**** SUPPLIED INFORMATION

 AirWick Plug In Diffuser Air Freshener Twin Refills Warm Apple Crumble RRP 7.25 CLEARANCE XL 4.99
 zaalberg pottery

********
**** SUPPLIED INFORMATION

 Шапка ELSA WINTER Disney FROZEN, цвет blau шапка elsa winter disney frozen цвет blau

********

Using the records above, set down exactly the lines from the one with "AirWick Plug In" through the one with "zaalberg pottery", inclusive, and nothing more.

 AirWick Plug In Diffuser Air Freshener Twin Refills Warm Apple Crumble RRP 7.25 CLEARANCE XL 4.99
 zaalberg pottery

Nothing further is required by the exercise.